48 Since then, the only occasion of which I am aware when the distinction between criminal contempt and civil contempt has been mentioned in the High Court is in X & Ors v Australian Prudential Regulation Authority & Anor [2007] HCA 4; (2007) 232 ALR 421 at [51], 432-433 where Gleeson CJ, Gummow, Hayne, Callinan, Heydon and Crennan JJ said only that it was "inappropriate here to consider any further" that distinction.
49 While both Mudginberri and Witham are judgments in which majorities in the High Court have expressed dissatisfaction with the justification for the distinction between civil and criminal contempts, that is not the same as them deciding that all the contempts that would traditionally be classified as civil are, in reality, criminal contempts. Quite the contrary - both in Mudginberri and in Witham the joint judgments, in the passages I have quoted at paras [37] and [41] above, have stated what the distinction is between the two types of contempt.

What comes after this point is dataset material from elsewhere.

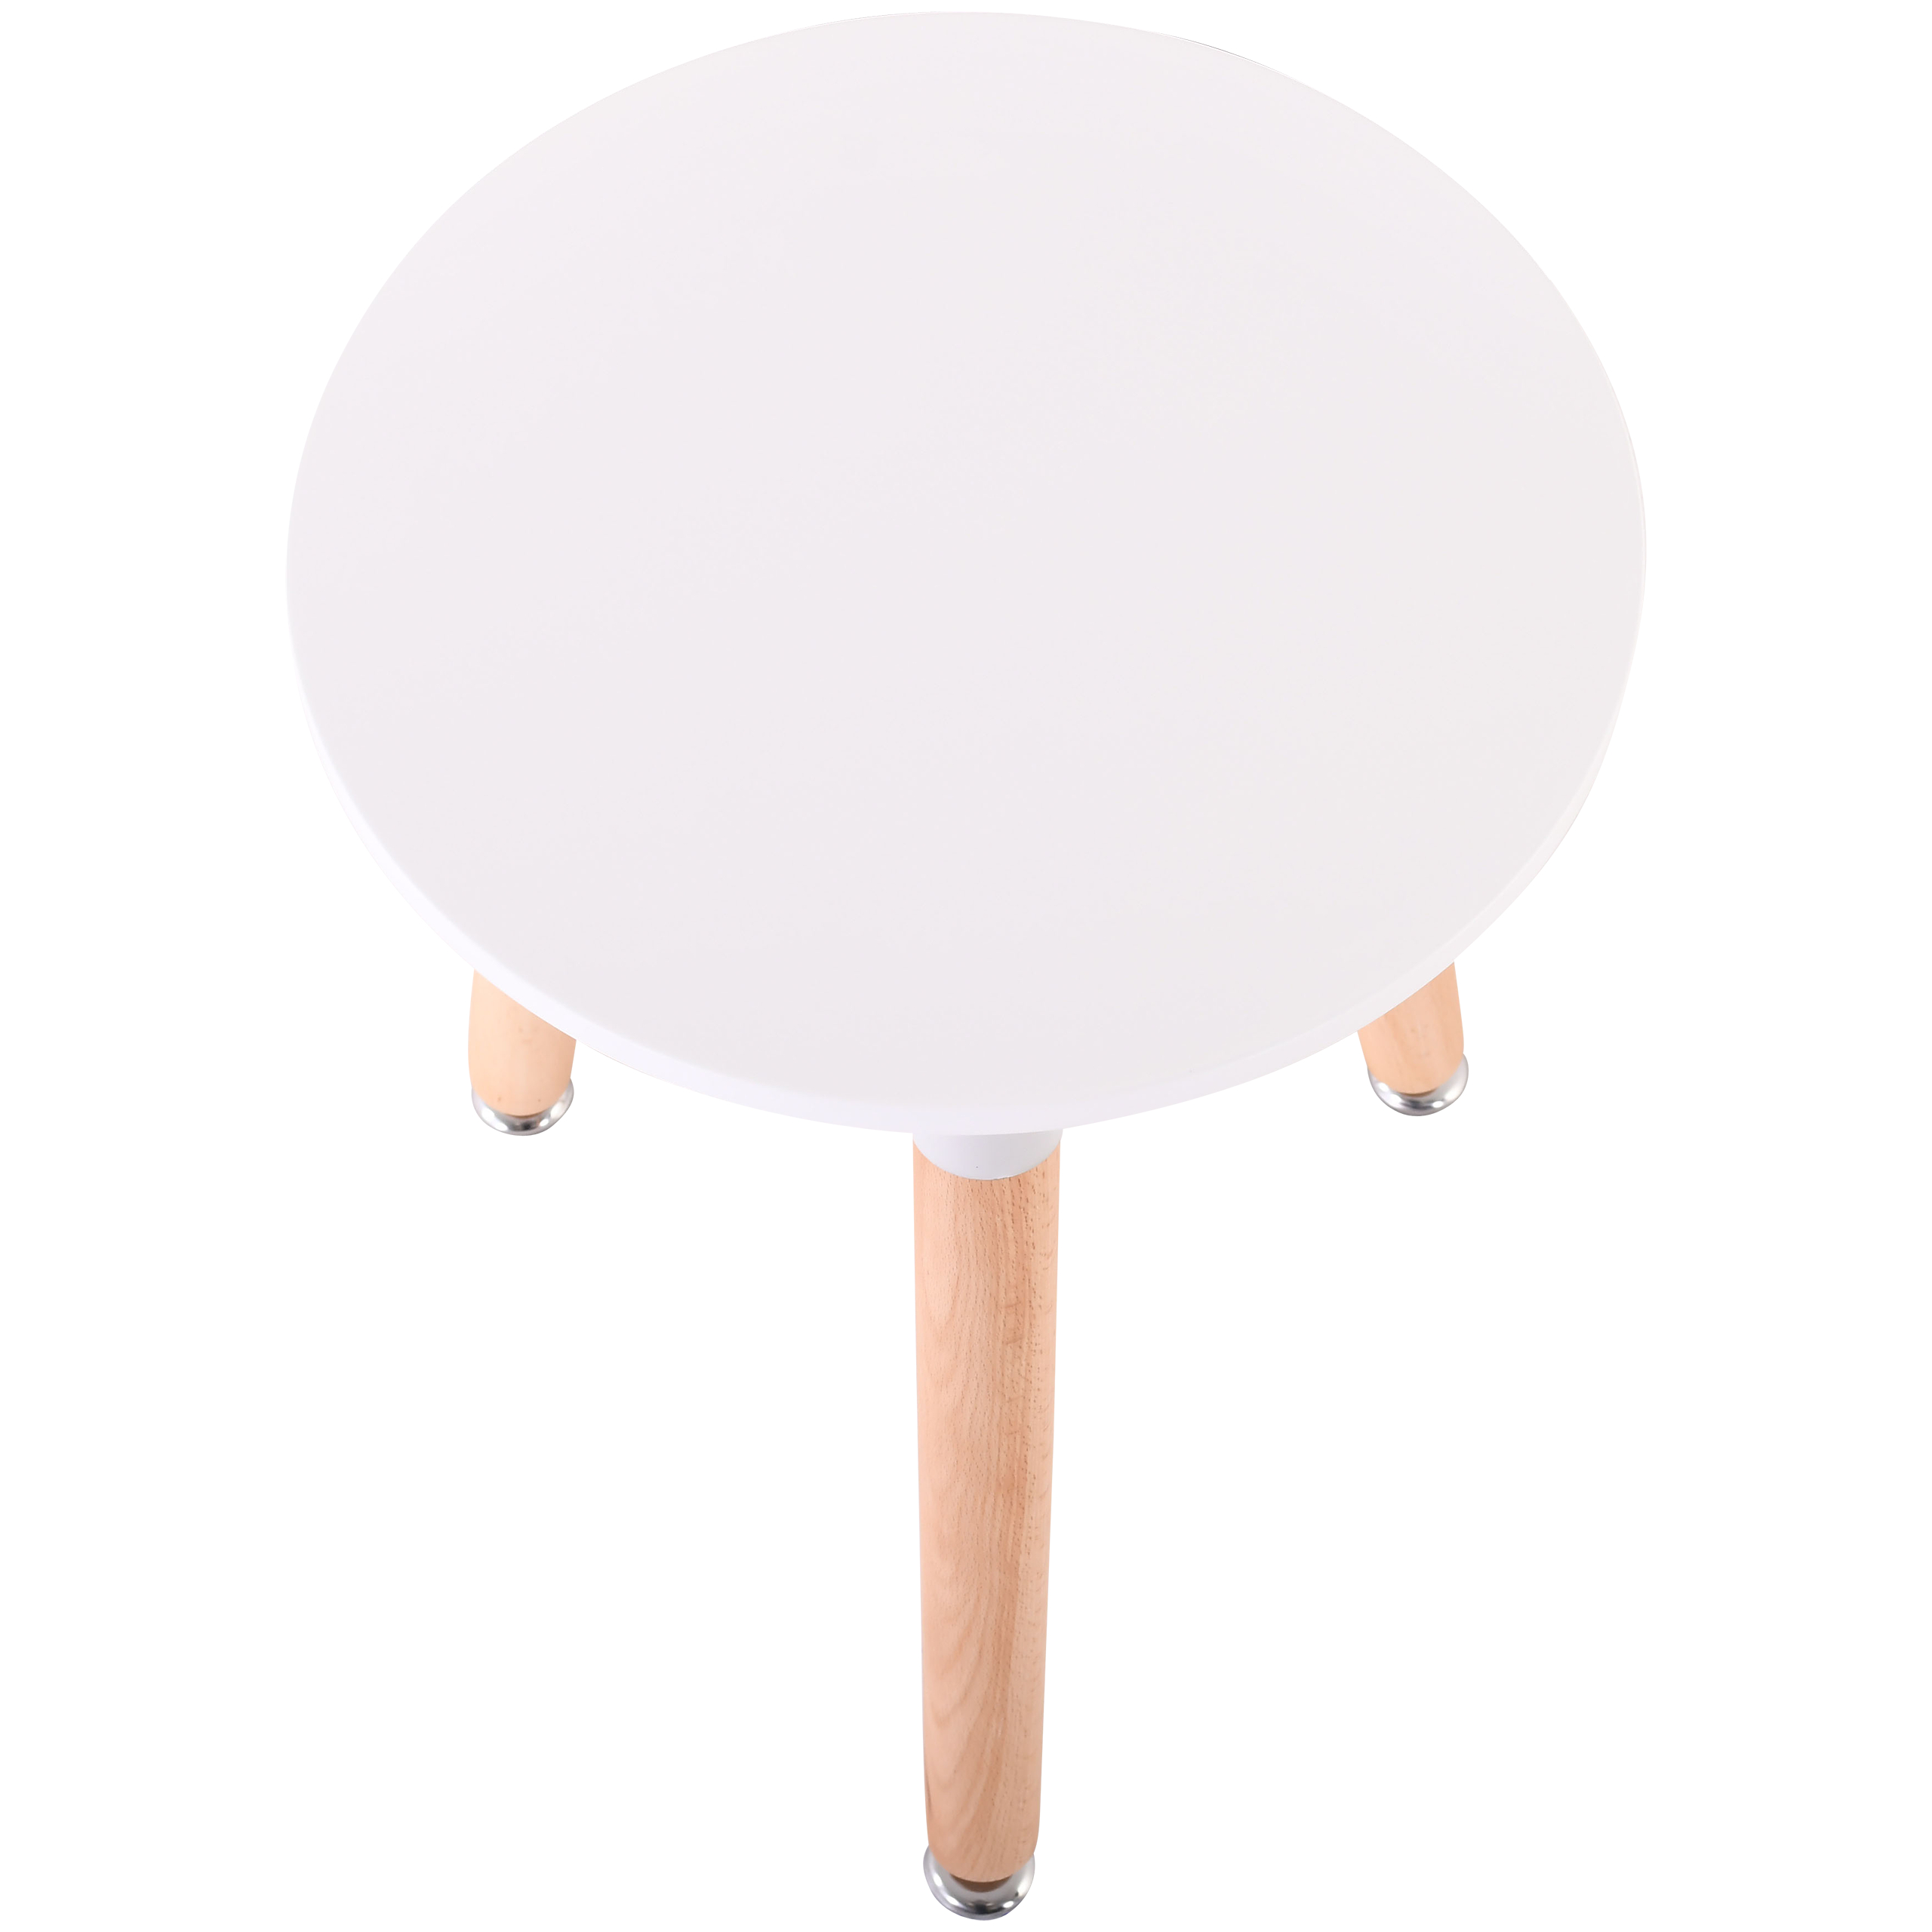 Raburg Beistell-Tisch Smilla extra klein, Seiden-Weiß, 46,5 cm hoch, 35 cm Durchmesser, Beine Buche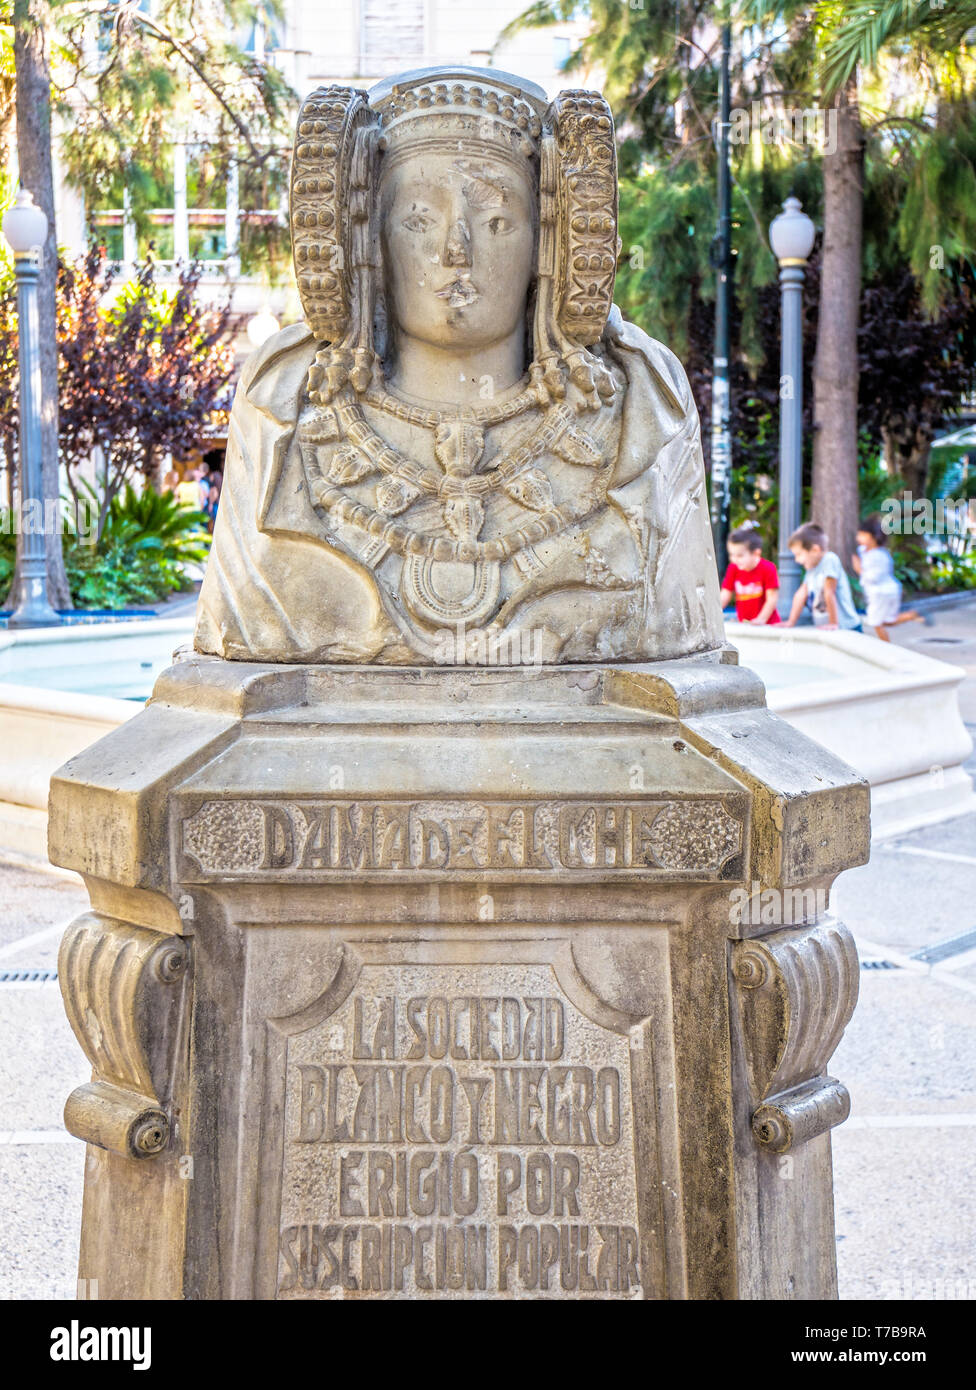 Reproducción de la dama de Elche en un parque. Elche. Alicante. Comunidad Valenciana. España Stock Photo

50 Section 101(5) and (6) were introduced into the Supreme Court Act 1970 by the Courts Legislation Amendment Act 1996. In those sub-sections the legislature utilised the distinction between civil and criminal contempt as the basis for a rule about when an appeal could lie from an acquittal on a charge of contempt. It appears to be contemplated by those sub-sections that there can be an appeal against an acquittal, on a charge of contempt, where the charge in question is a charge of a civil contempt. Section 101(5) and (6) were introduced well after the decisions in Mudginberri and Witham were delivered. Those legislative provisions need to be applied in a way that recognises the distinction between civil and criminal contempts, even though there is good reason to believe that distinction is an unsatisfactory one.
51 The Courts Legislation Amendment Act 1996 also introduced into the Supreme Court Act 1970 a new section 101A. That section empowers the Attorney-General, at any time after the conclusion of contempt proceedings in which an alleged contemnor is found not to have committed contempt, to submit to the Court of Appeal a question of law arising from, or in connection with, those proceedings. Section 101A(11) provides:
"This section applies to criminal contempt only, and does not apply to civil contempt.